So instead, you have to build and discard internal explanatory models of my
meaning, criticizing them by cross-checking them with other things I've said,
and with your understanding of my understanding of the world. Meanwhile, I'm
doing the same thing on the other side, hypothesizing the models that you're
creating based on what I've said and trying to add more words to fill any gaps
in what I presume that you're presuming that I mean.

When we arrive at a point where you and I both believe that you hold a
consistent mental model of what I wished to convey, then we believe that I
have communicated to you.

Stated that way, it's clear that communication is really, really hard -- even
though we do all of that model building and evaluation without conscious
effort in most cases. And it's also quite obvious why it's easier to
communicate with people you know well, because both sides have a better mental
model of the other's mental model. Both are _wrong_, always, but they're less
wrong than similar situations between people with less shared context.

This view also makes it abundantly clear that it's important to validate
communication. If you restate to me in your own words what you believe I
intended to convey, there's a good chance I'll catch any major discrepancies
between what I intended and what you got. A good chance, but we can still end
up believing that we're in agreement when we're not.

In theory it is possible to define a language and communication techniques
that do not depend on this iterative, contextualized method. This is
essentially what we do in formal languages, such as those we use in
mathematics or programming. But it is not how people communicate because it's
actually far more efficient to rely on compression via shared context than it
is to communicate with formal precision. Further, formal communication only
obviates guesswork and criticism at the level of understanding which is
directly expressed. I can read an assembler program and understand with
perfect precision what the individual instructions do, but the leap to
understanding the goal of the program again requires guesswork and criticism.

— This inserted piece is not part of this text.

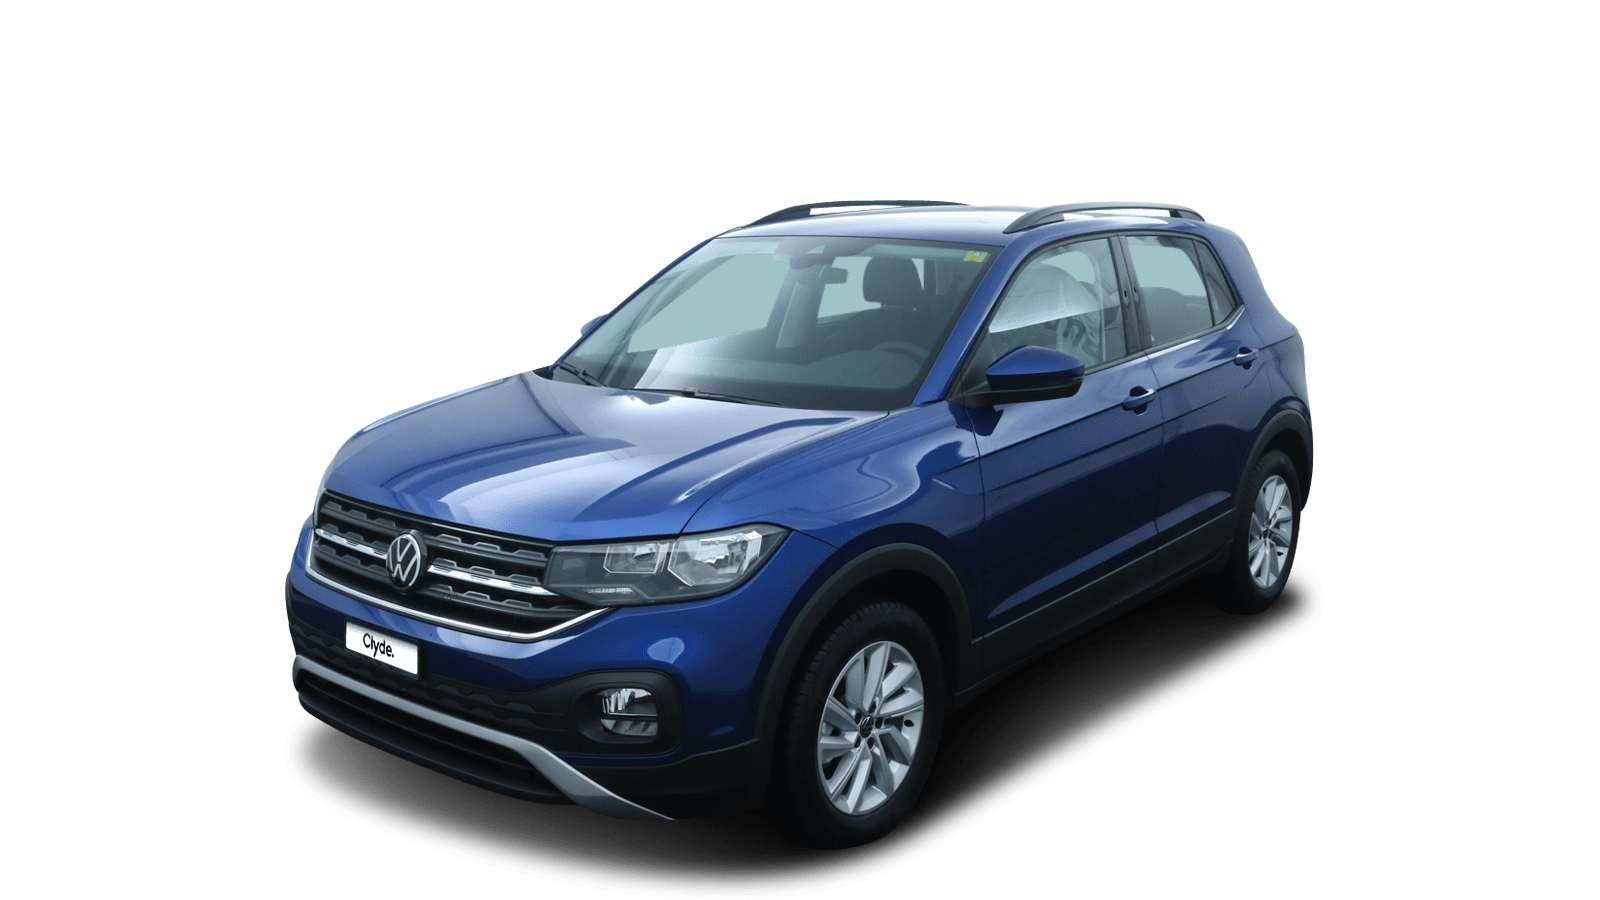 VW T-Cross Blue front - Clyde car subscription

As an aside, it's interesting to note that the process of guess-and-evaluate
is essentially the same as the scientific method of hypothesize-and-test and
even the same as the evolutionary method of vary-and-select. There's a
compelling argument that all knowledge creation occurs via this process -- and
communication is knowledge creation, even if it simply conveys an idea from
one brain to another, because there's no direct transfer mechanism the
receiver of the idea must create it based on observations of the words of the
giver.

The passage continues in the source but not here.